From the day you picked us to the day that we had to let you go, you gave us 15 years of unconditional love, you were our once in a lifetime girl and the massive hole that you left will never ever be filled.

Keep on running free Gin, play with your friends and look after Holly and Ralph and Kelly, and when you sleep softly at night know in your heart that you are forever loved and missed. 

Love you baby,Mum & Dadxx


----------



## honeysmum (Dec 4, 2007)

Beautiful photos of Ginny, I don't think I have seen those before, happy birthday at the bridge sweet girl, run free party hard with Holly Ralph and Kelly knowing your Mum and Dad will never forget you or your Anniversary's. 
Thinking of you Jan (hugs)


----------



## riddle03 (Jun 9, 2005)

Happy Birthday sweet Ginny !!


----------



## Willow52 (Aug 14, 2009)

Happy Birthday dear Ginny. Enjoy your party at the Bridge.


----------



## Sophie_Mom (Jan 21, 2009)

What a beautiful girl - Happy Birthday~


----------



## BeauShel (May 20, 2007)

Happy Birthday Dear Ginny!!! I know they are celebrating your birthday with lots of goodies and tasties at the bridge.


----------



## AmberSunrise (Apr 1, 2009)

Happy Birthday Ginny ..


----------



## cangolden (Oct 12, 2009)

have a fabulous birthday Ginny


----------



## AtticusJordie (Aug 15, 2006)

What a sweet remembrance--I can tell Ginny was loved very, very much.
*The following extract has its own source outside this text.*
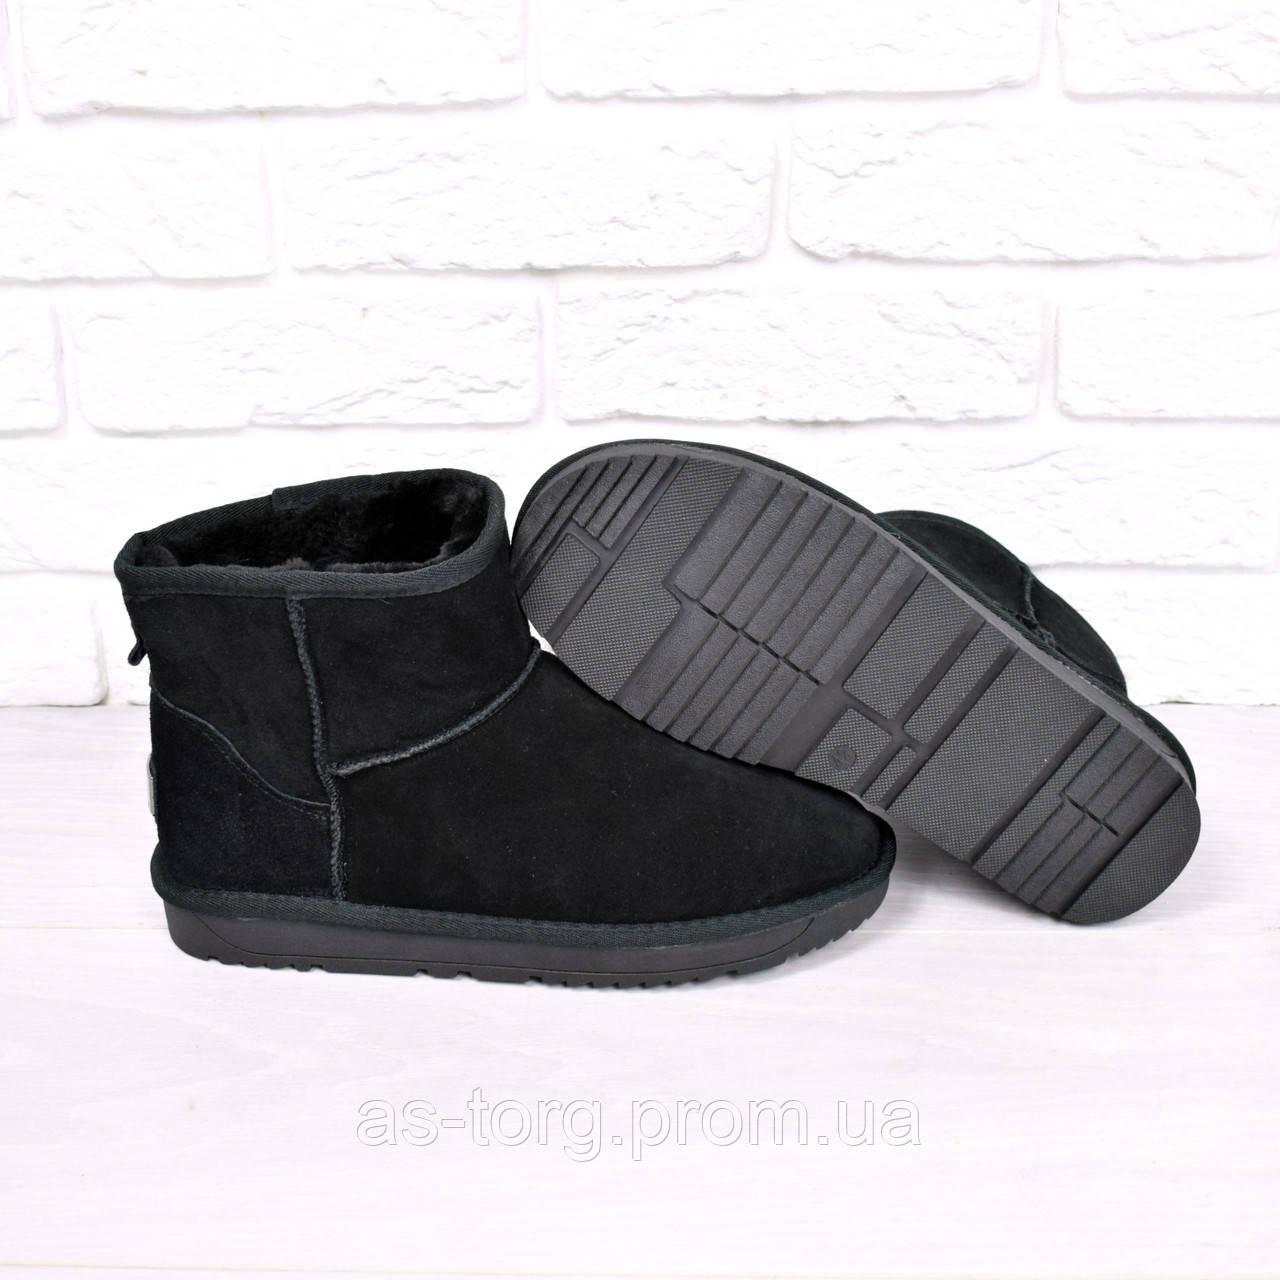 6ad03e985c5d Угги мужские ITTS натуральная замша 3717, зимняя обувь   продажа ...

Thanks for including us in on your tribute to a wonderful gal.

SJ


----------



## Duke's Momma (Mar 1, 2007)

Happy birthday, pretty girl. Please give Duke a big wet slobbery kiss from me to him (and him to you from me)


----------



## Cassie&Bailey'sMom (Feb 23, 2010)

Such a beautiful birthday wish to your beloved Ginny. I can feel your longing for her in your words, and I know that a day will come when you can cuddle with her for each and every birthday to follow. Happy 18th Birthday Ginny!


----------



## esSJay (Apr 13, 2009)

Very nice birthday tribute to Ginny, and what a beautiful girl she was! I'm very partial to her name because that was the name of our first golden, who passed away about 8 years ago - and the one who made me fall in love with the breed!


----------



## Augie's Mom (Sep 28, 2007)

Happy Birthday sweet Ginny!

What an adorable puppy and elegant lady you were.


----------



## Ruby'smom (Feb 4, 2008)

what a cutie she is Jan
happy birthday sweet girl enjoy your party at the bridge


----------